Solving complex examples correctly is an impossible task for those who do not understand elementary rules and laws in mathematics. Addition and subtraction mixed numbers can rightfully be attributed to complex examples... However, with correct parsing the numbers themselves, you can easily carry out any action.

What it is?

A mixed number is a combination of an integer part and a fractional part. For example, there are 2 and 3, of which 2 is a prime number, but 3 is already mixed, where 3 is whole part, and - fractional. The presented varieties are added and subtracted in different ways, but do not entail difficulties in independent decision examples.

Complete parsing of the example

For a full presentation of the essence of mixed meaning, an example should be given of a task that will help to display the meaning of the narration of the conceived. So, Vasya rode a circle around the school on a bicycle in 1 minute and 30 seconds, and then walked another circle in 3 minutes and 30 seconds. How much time did Vasya spend on the whole walk around the school?

This example is aimed at adding mixed numbers, which in this case do not even have to be converted into seconds beforehand. It turns out that the addition is carried out by separately adding minutes and seconds. As a result, we get the following result:

1. Addition of minutes - 1 + 3 = 4.
2. Addition of seconds = 30 + 30 = 60 seconds = 1 minute.
3. Total value 4 minutes + 1 minute = 5 minutes.

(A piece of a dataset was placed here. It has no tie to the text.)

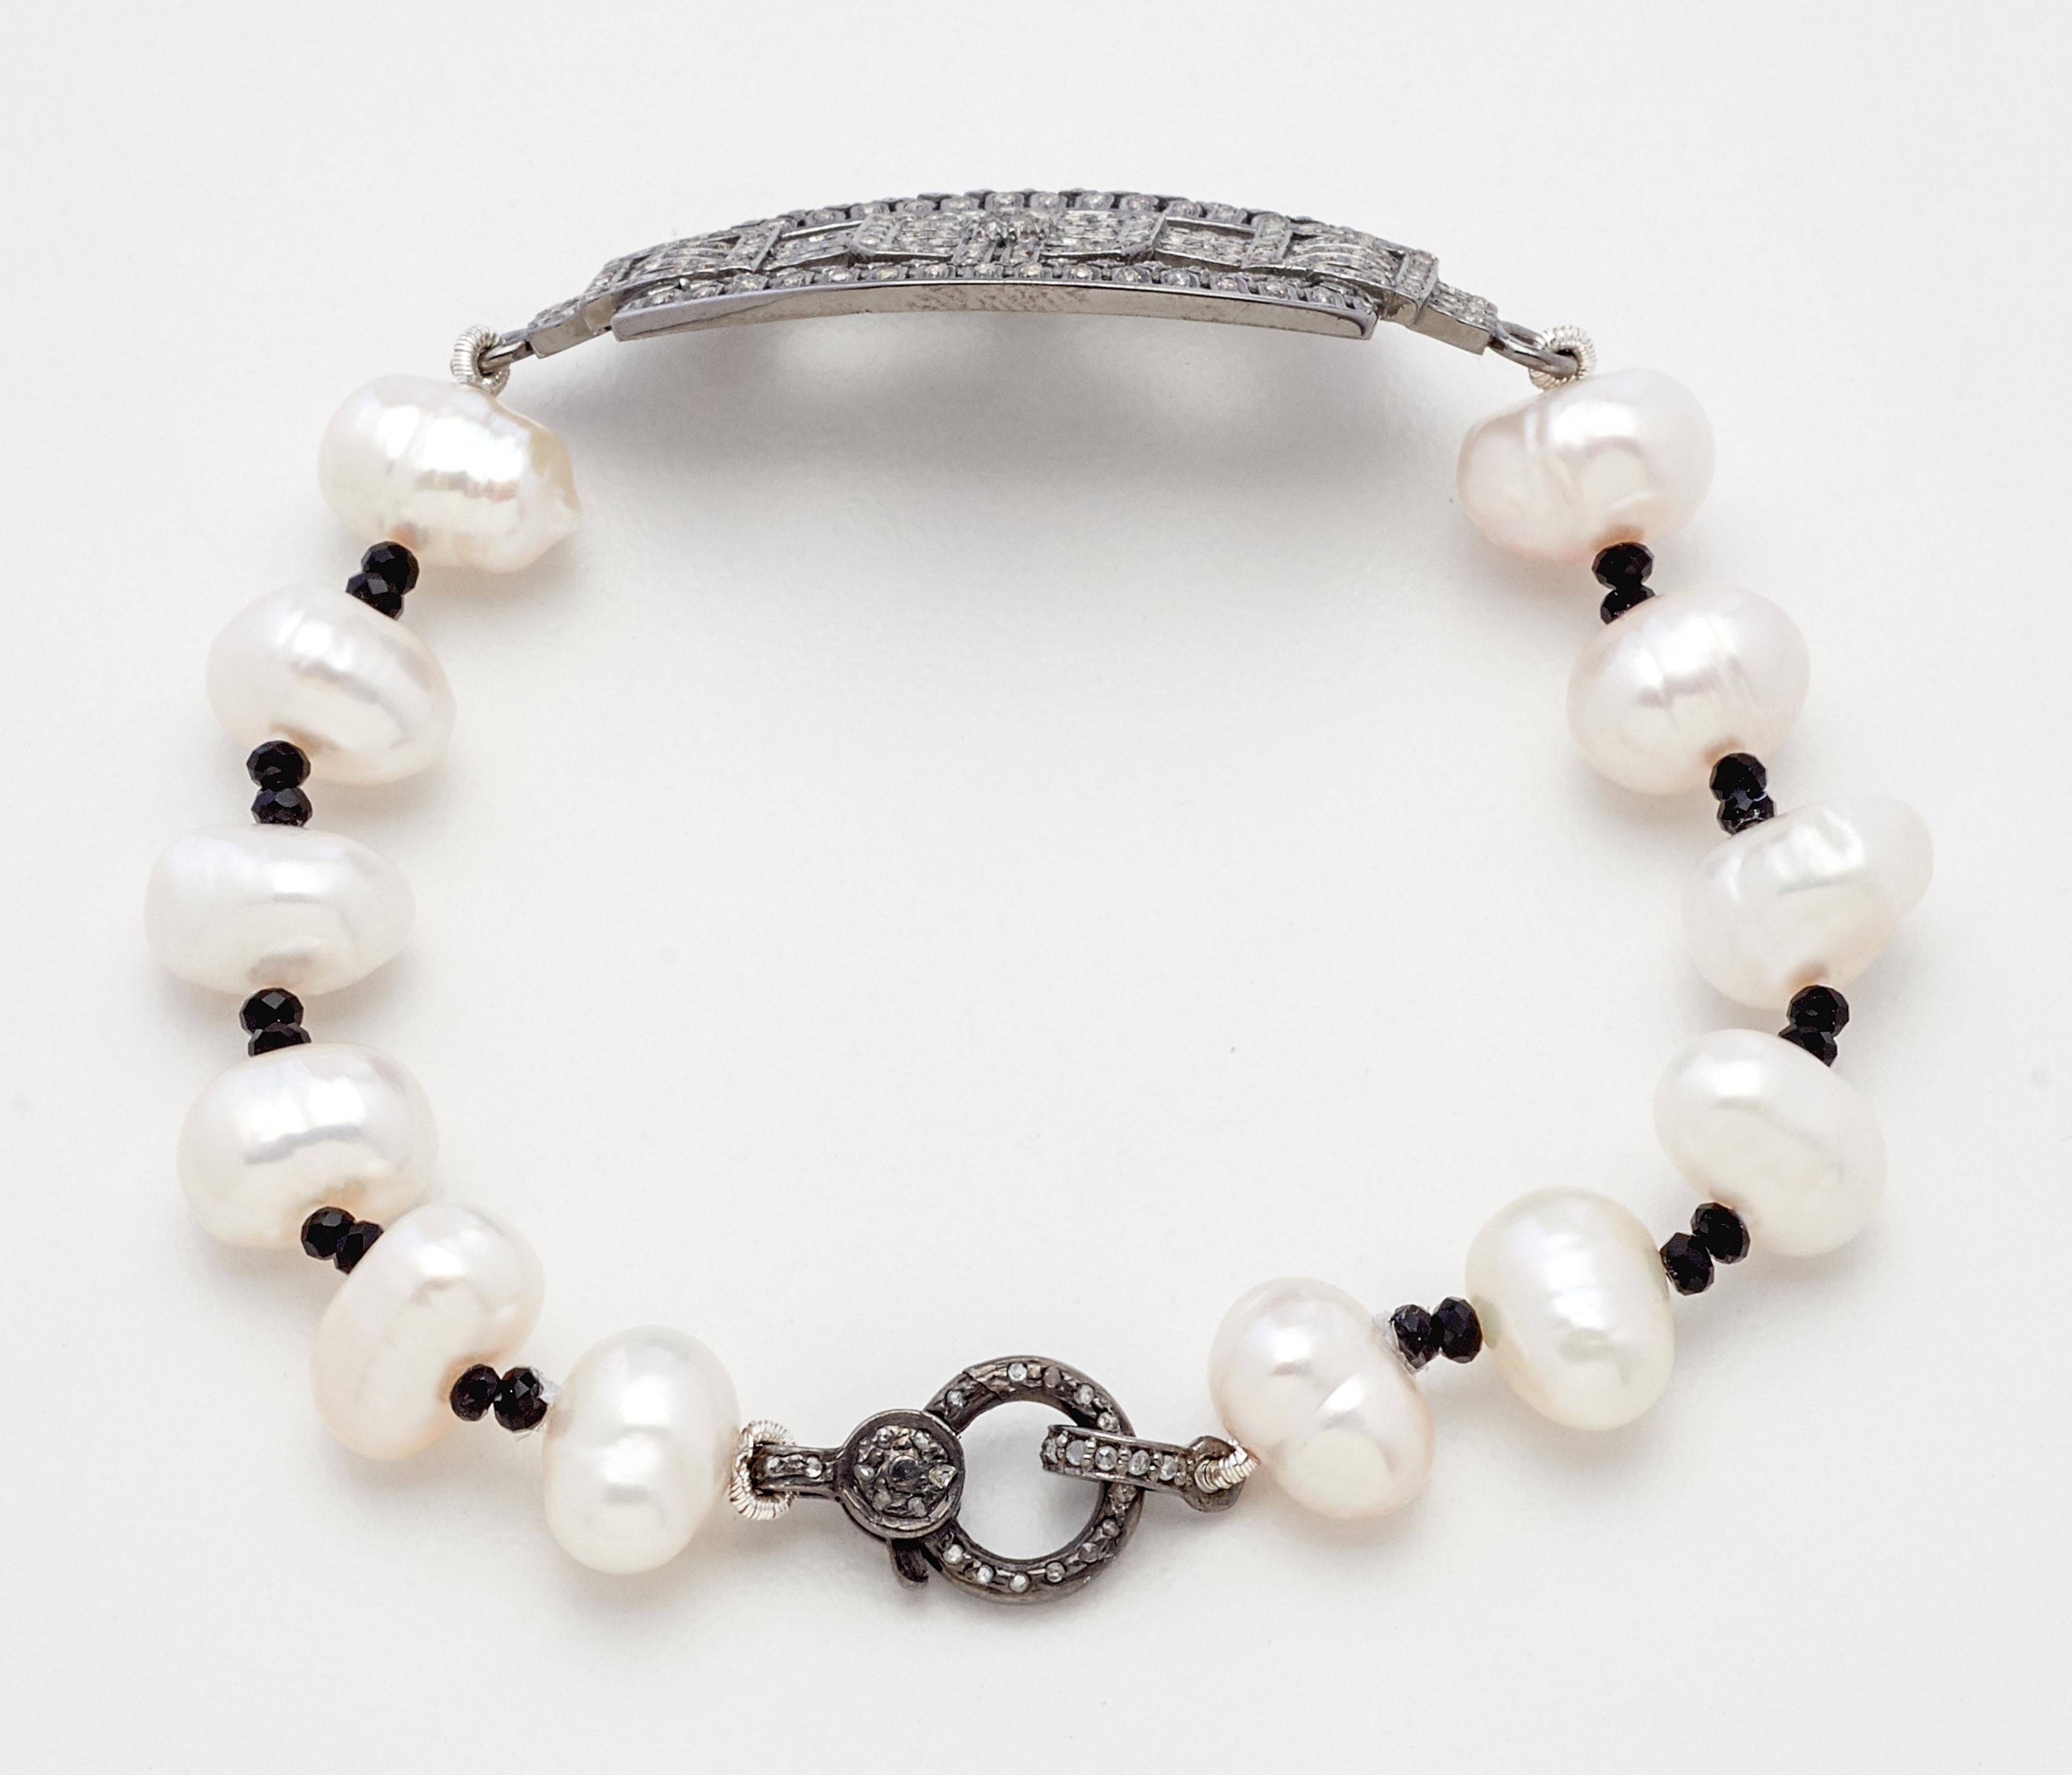 Artisan created, this beautiful art deco inspired diamond covered sterling silver placket bracelet with natural Akoya pearls and black spinel crystal beads beautifully adorns the wrist and is a versatile design that transcends most personal tastes.
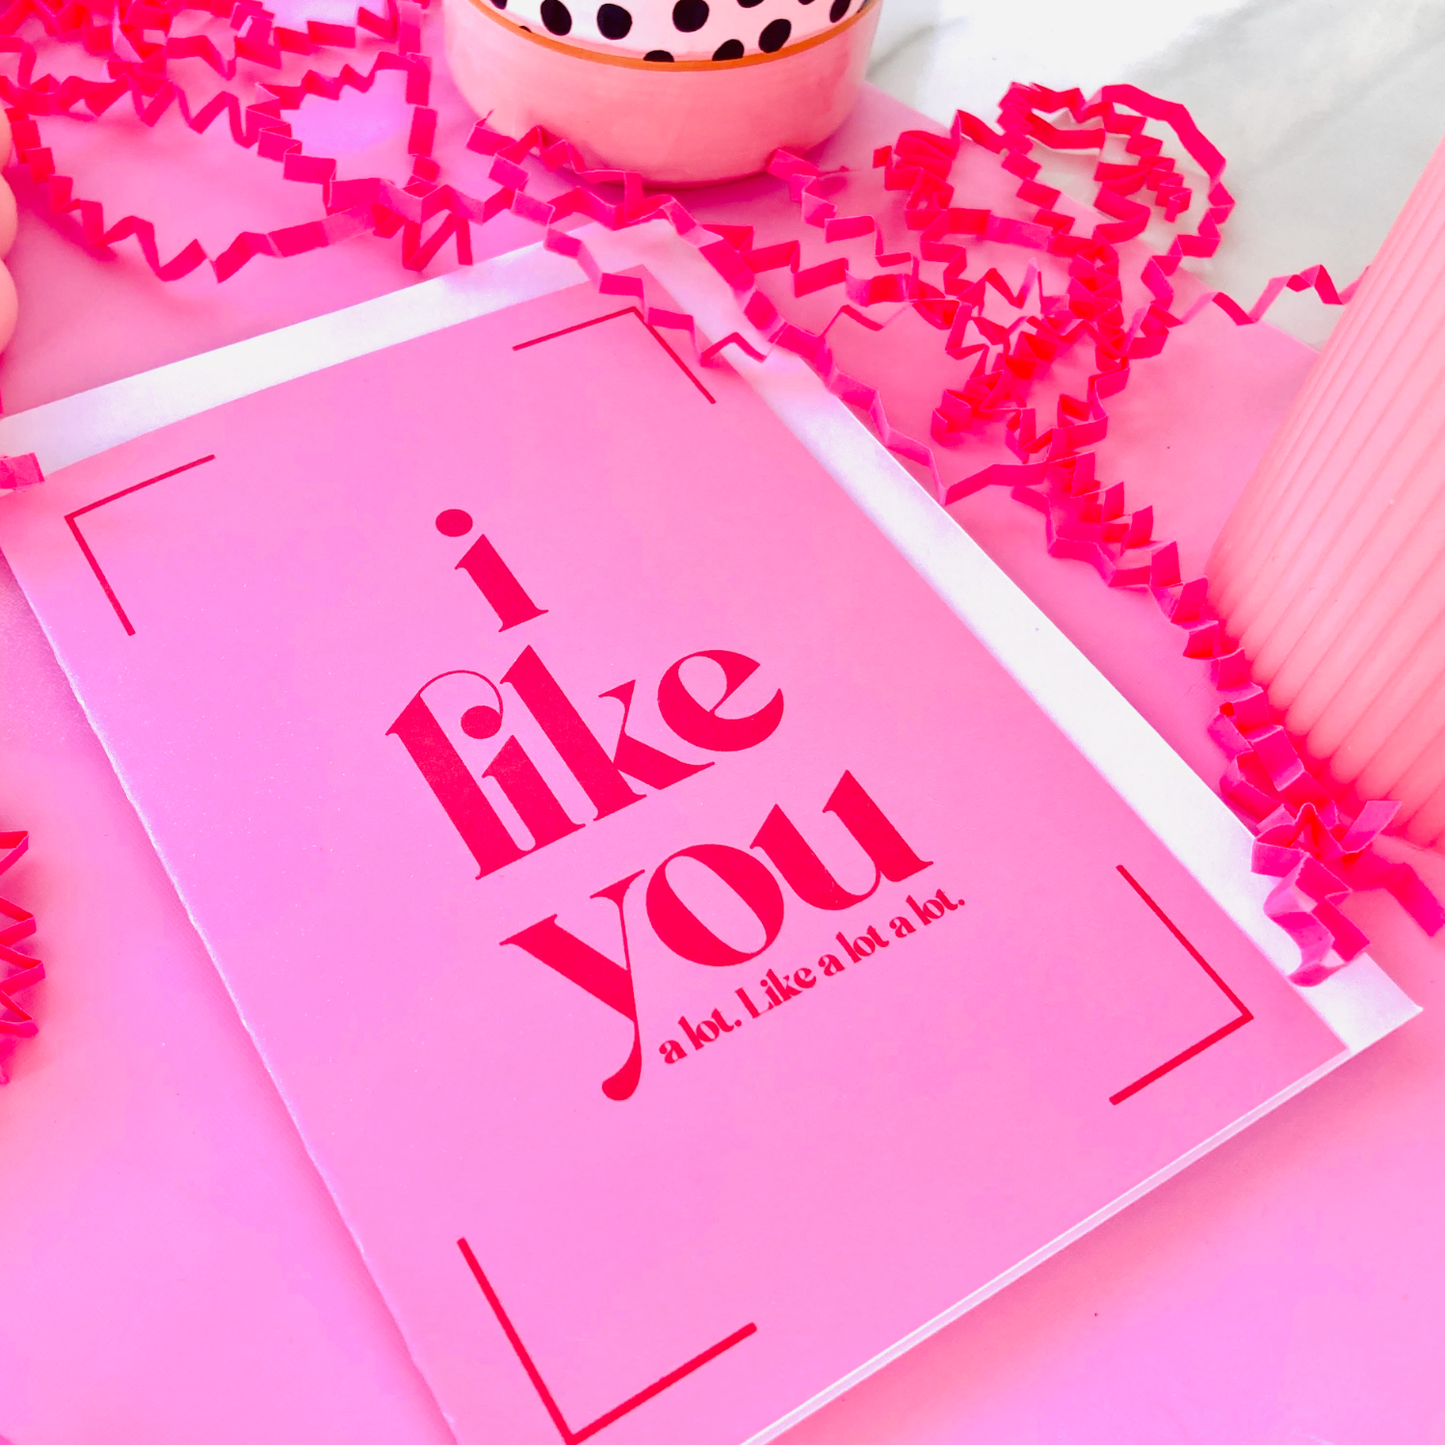 I Like You (a lot) Valentines Day Card

If we proceed from the mathematical display, then the presented actions can be distinguished in one expression:

From the above, it becomes clear that the mixed numbers should be added separately in parts - first whole parts, and then fractional ones. If the fractional number gives another integer value, it is also added to the integer value obtained earlier. The fractional part is added to the resulting integer value - a mixed number is obtained.

Addition rules

To consolidate what has been learned, a rule for adding mixed numbers should be given. Here you should use the following sequence:

1. To begin with, separate the parts from the meaning - into whole and fractional.
2. Now add the whole pieces.
3. Next, add up the fractional ones.
4. If an integer part can be extracted from a fractional number - converted into a mixed value - then a similar breakdown is carried out.
5. The resulting integer part from the fractional value is added to the previously obtained integer value.
6. The fractional part is added to the whole part.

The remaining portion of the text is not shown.